From John 3 we got the phrase “born again” …and the phrase has been flogged ad nauseum (I want to ban it) but we miss the point that Nicodemus misunderstood what Jesus said. The Greek is a pun, Jesus said “born from above” whereas Nicodemus thought he said “born again” and that’s what the exchange is about. The misunderstanding is almost humorous, like the “cute” stories we tell about kids who say something that’s funny only because we’re glimpsing something through their eyes about how they see the world when they haven’t had some particular aspect explained to them yet.
Why get into this here? Because I think it reveals something about how we see the gospel. “Born again” implies something is redone, remade, rebirthed, and that’s the main point.
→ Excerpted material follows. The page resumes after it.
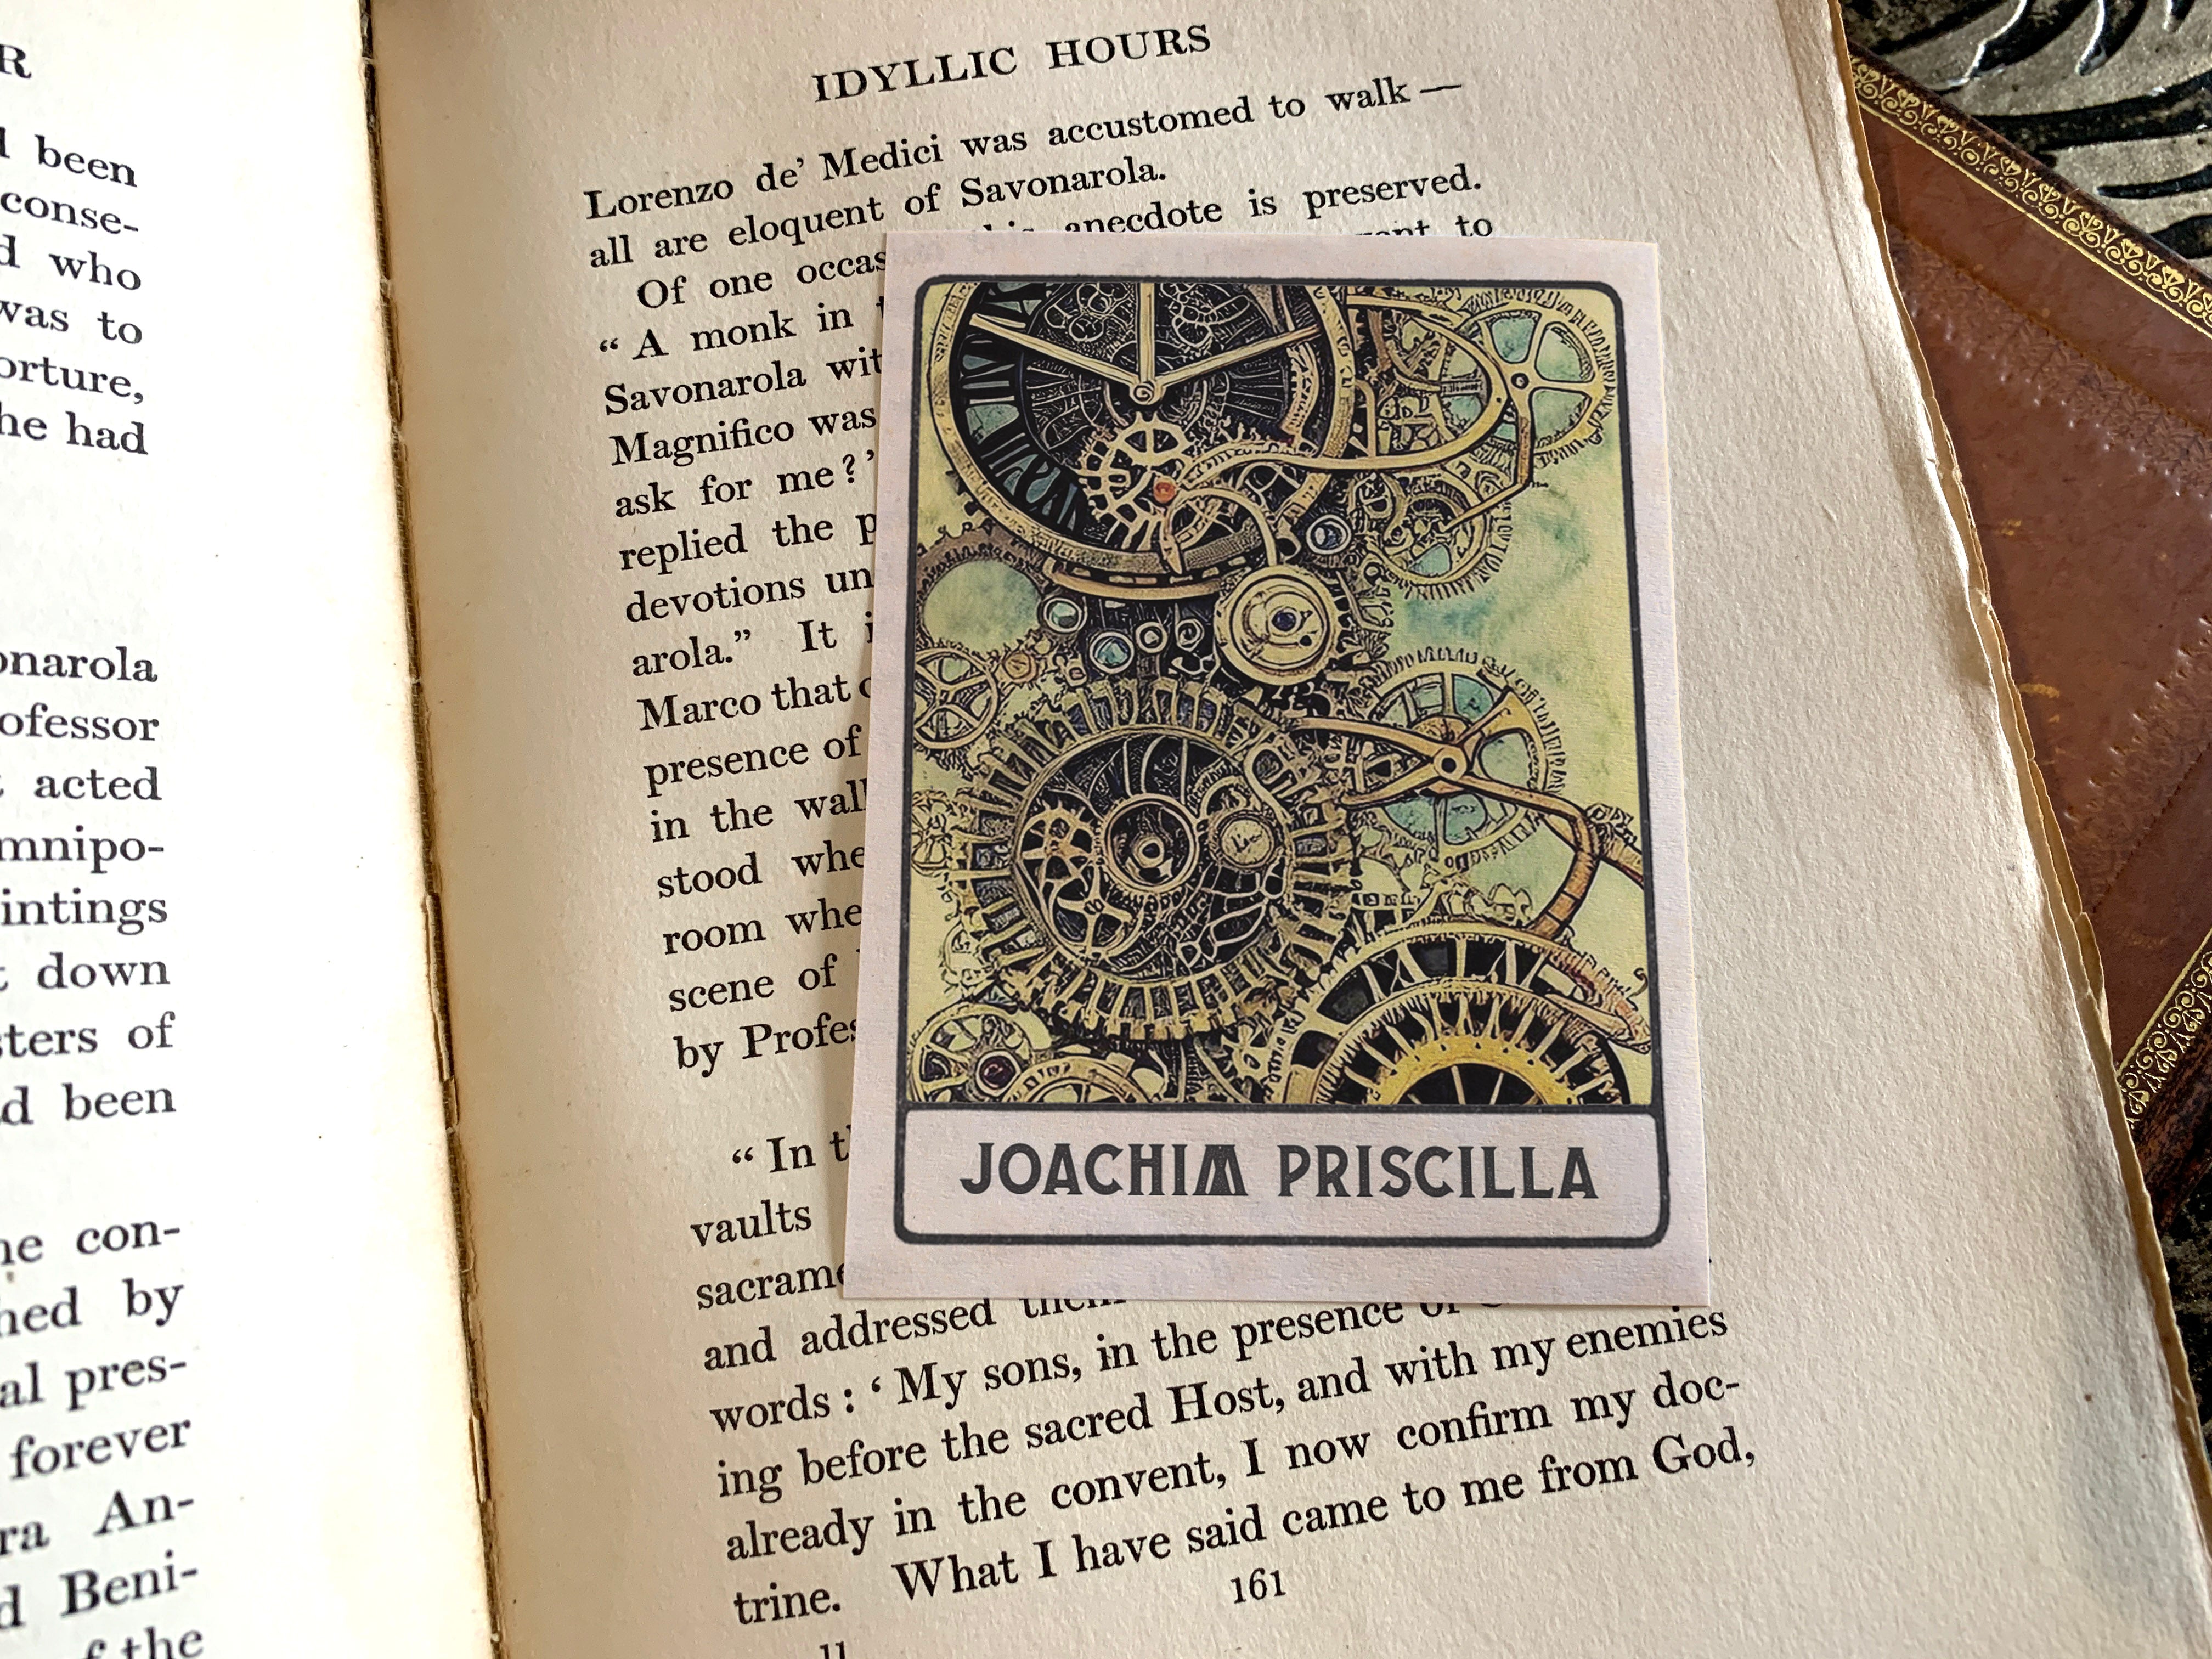 Steampunk Gears, Personalized Ex-Libris Bookplates, Crafted on Traditional Gummed Paper, 3in x 4in, Set of 30
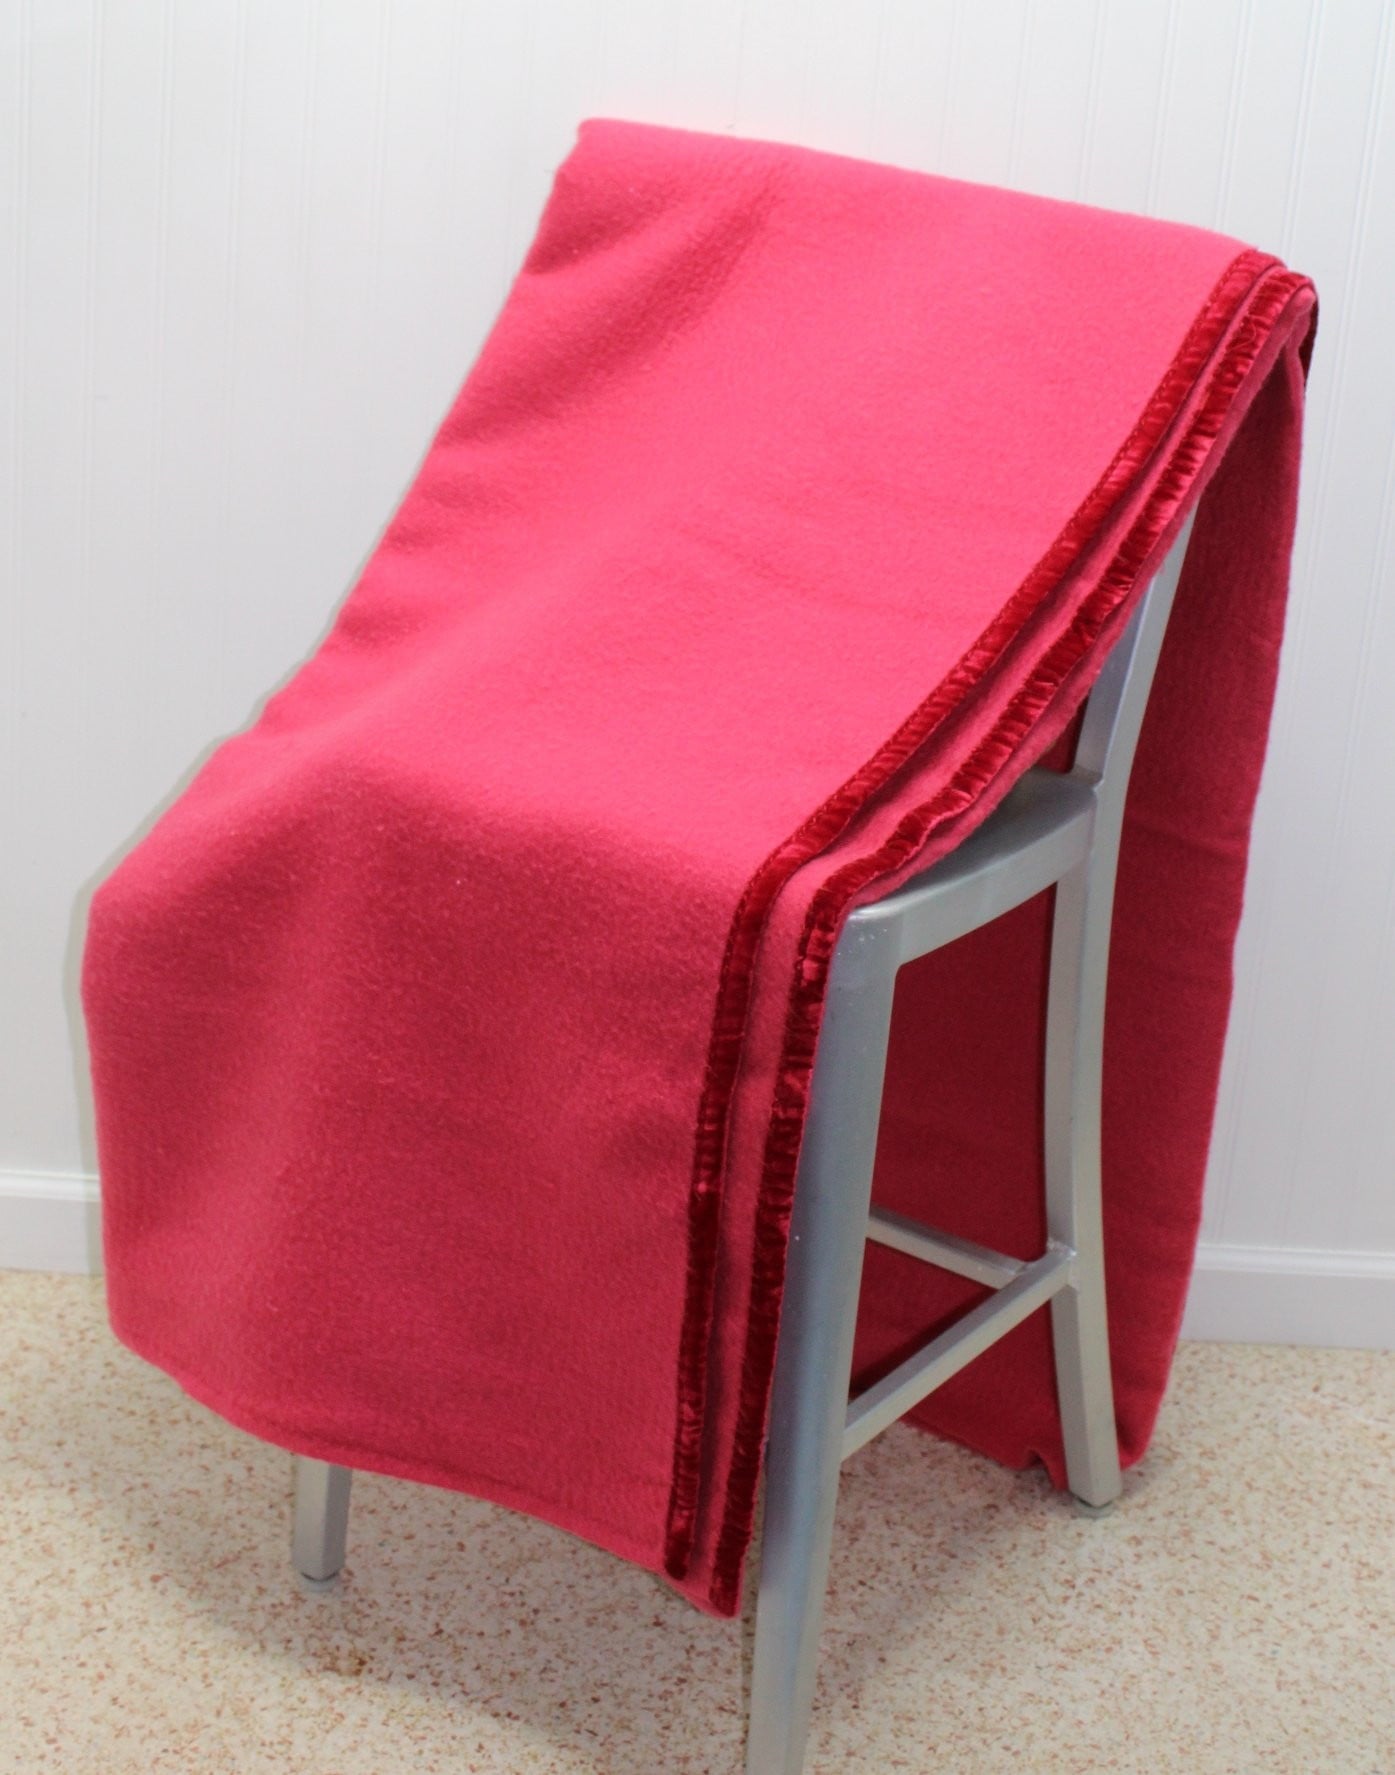 Vintage Blanket Rose Acrylic-Poly blend with Matching Velveteen Binding 78" X 86" Washable layering blanket

Without saying that’s false, what “born from above” implies is a shift in perspective to an above / below one (a theme in John’s Gospel) where we are relating to God, the one who came from above. (Whereas the other Gospels show how Jesus was born of human lineage but was God and ascended to Heaven, in John Jesus is the pre-existent Word that came down from above… this gospel is written as an epiphany.) This above/below relationship is restored when we are “born from above.”
It’s about relationship, which means that the gospel is less about escaping Hell than it is about restoring relationship with Heaven.